Brief – Return verbatim the lines that run from the one holding "Whispered Secrets: Purrfect" to the end of the listing, both ends included, without the pictures.

Dataset extract –
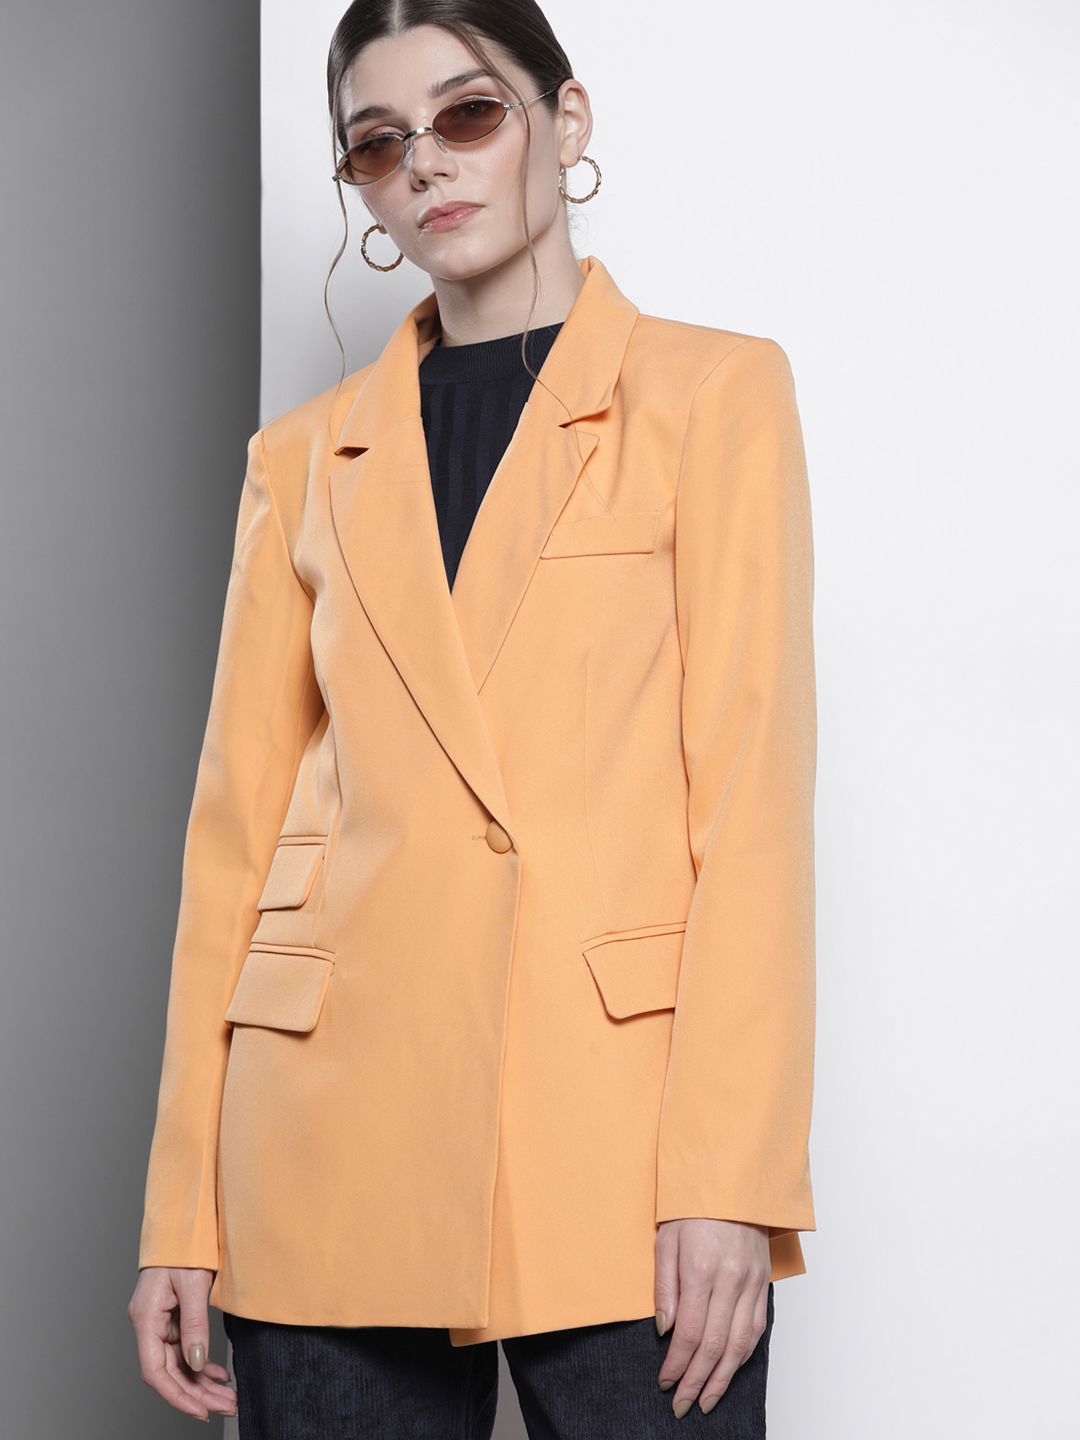 Missguided Women Orange Solid Single-Breasted Blazer Price in India
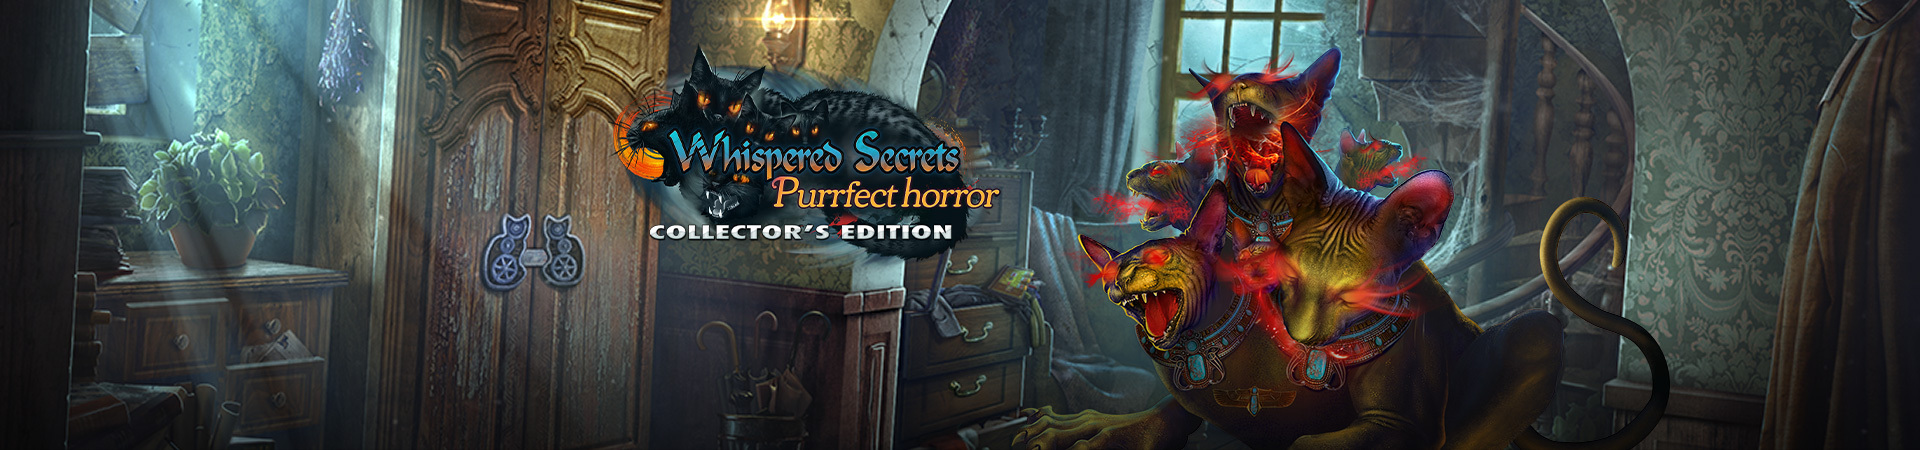 Whispered Secrets: Purrfect Horror CE - <span> Now available</span>
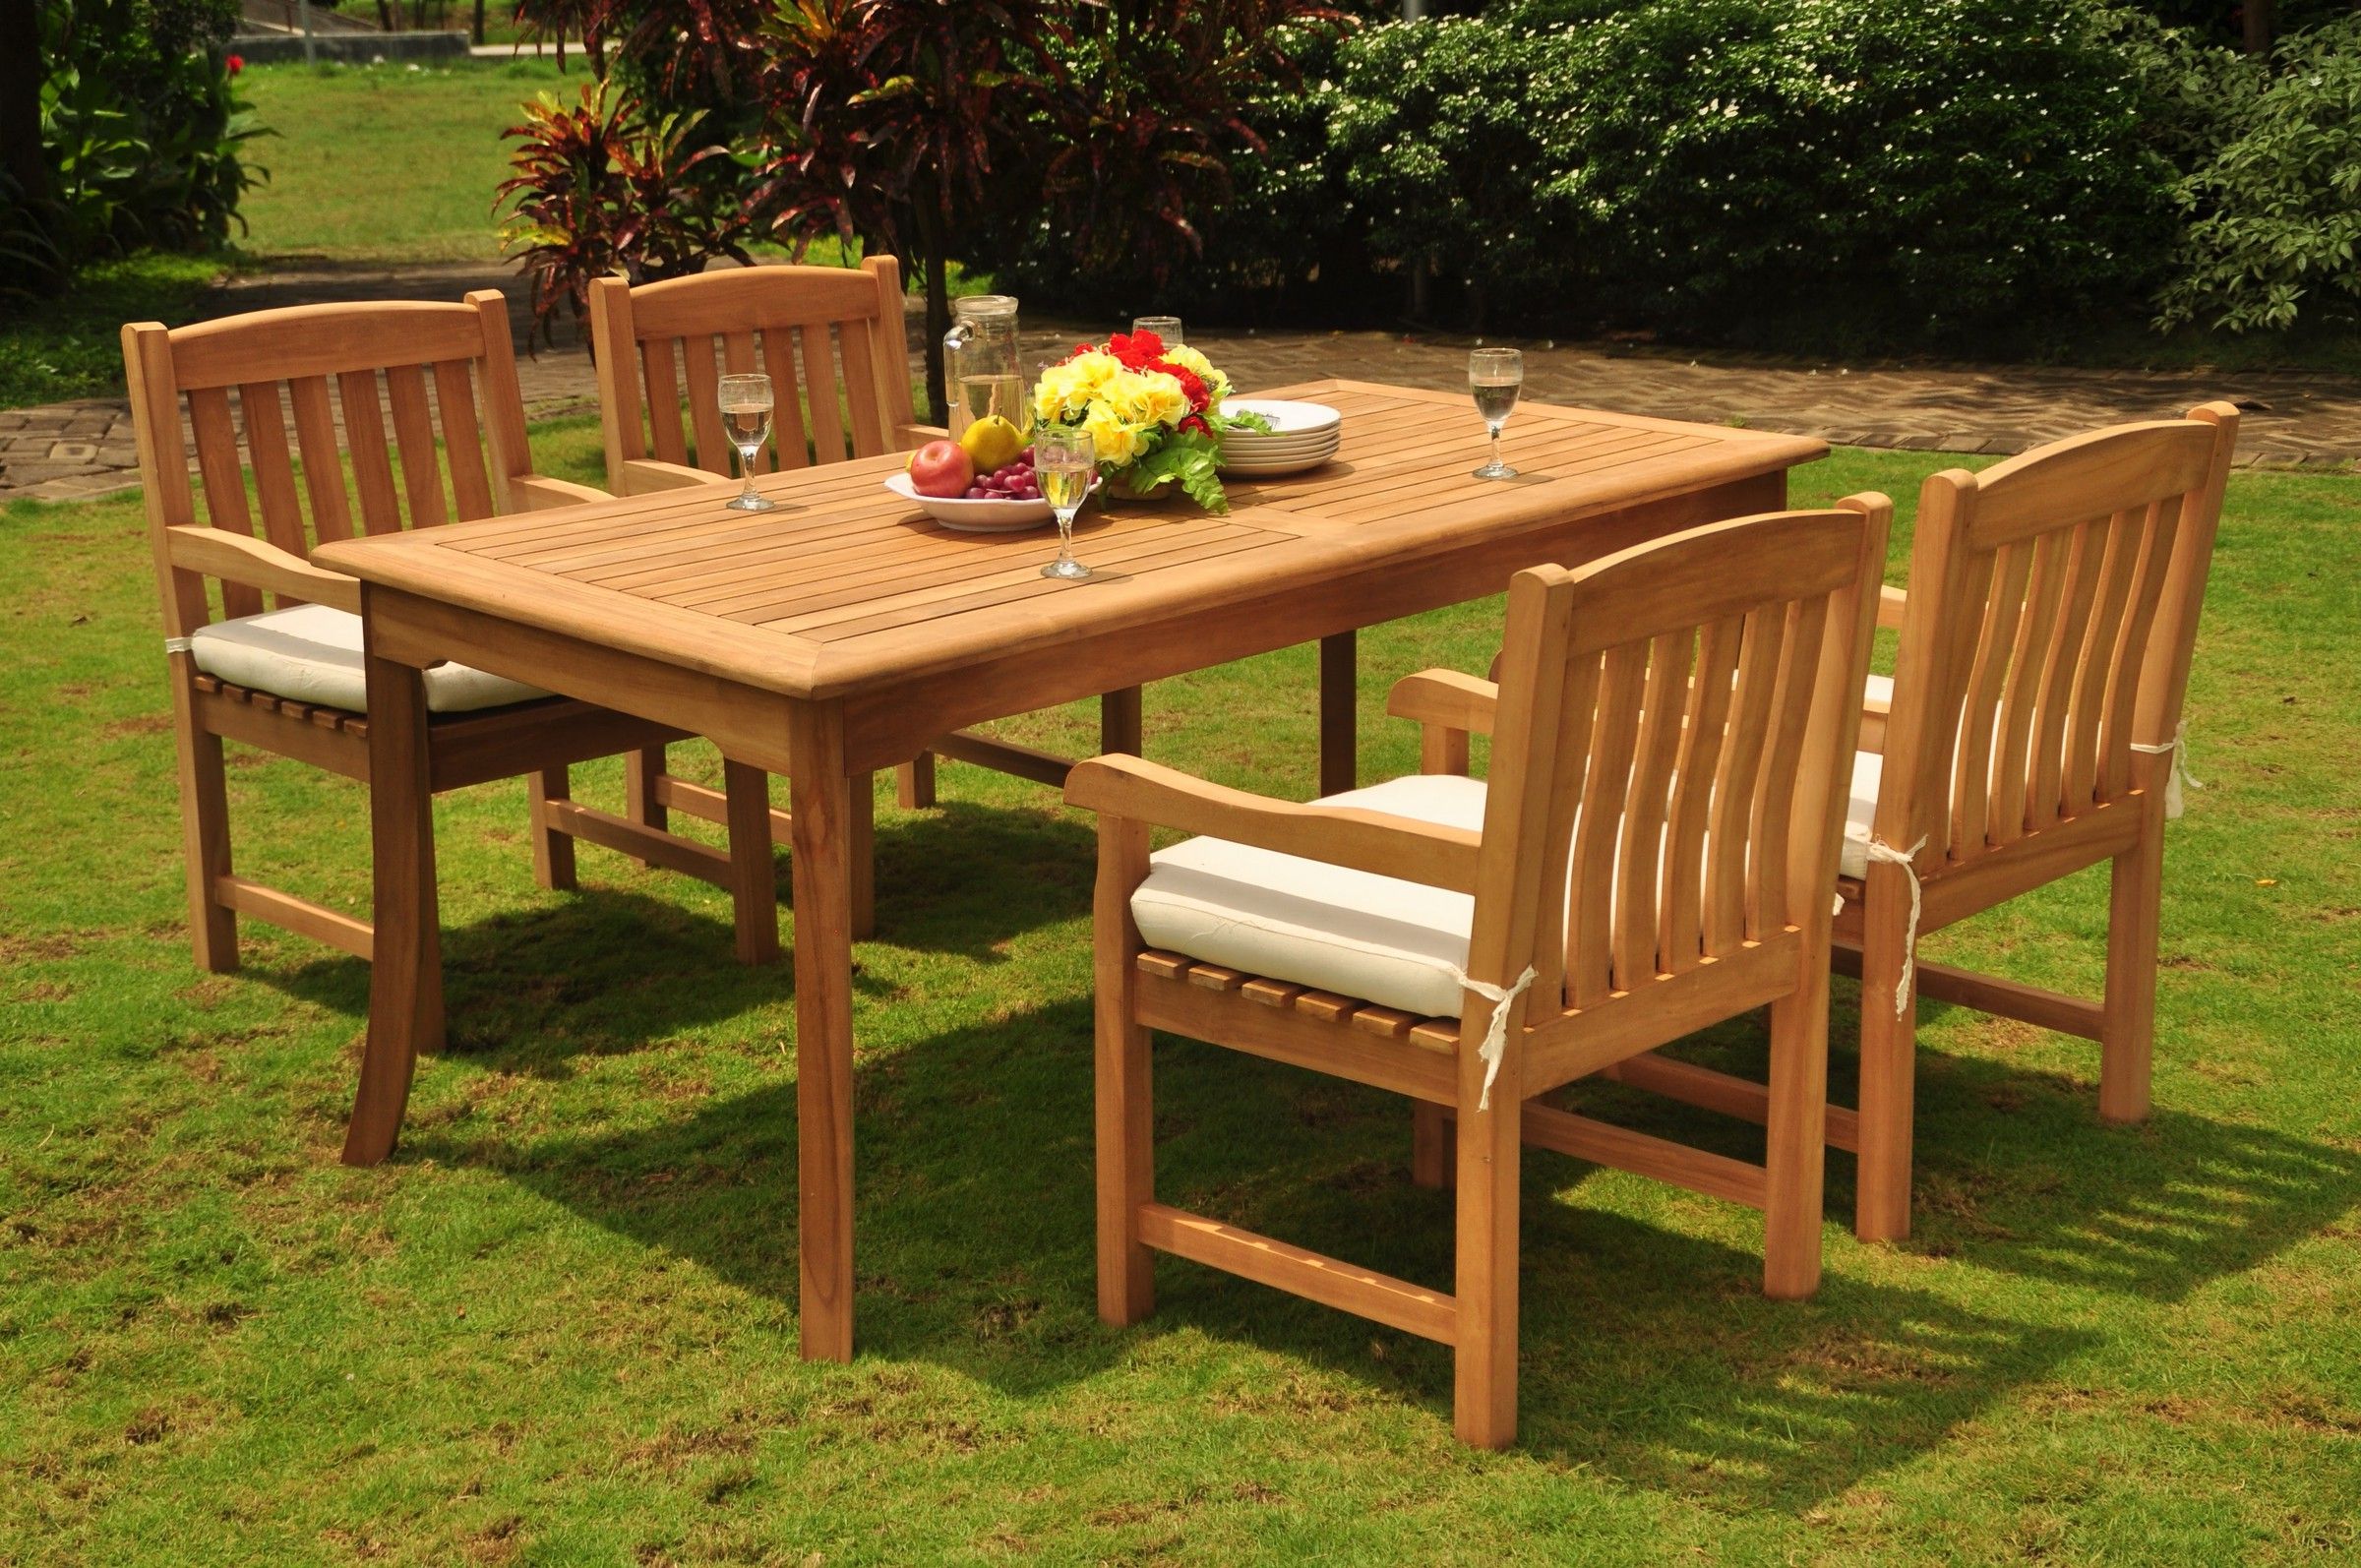 Teak Dining Set: 4 Seater 5 Pc: 71" Rectangle Dining Table And 4 Devon With Regard To Trendy Teak Wood Rectangular Patio Dining Sets (View 10 of 15)

Output for this task –
 Whispered Secrets: Purrfect Horror CE - <span> Now available</span>
 Teak Dining Set: 4 Seater 5 Pc: 71" Rectangle Dining Table And 4 Devon With Regard To Trendy Teak Wood Rectangular Patio Dining Sets (View 10 of 15)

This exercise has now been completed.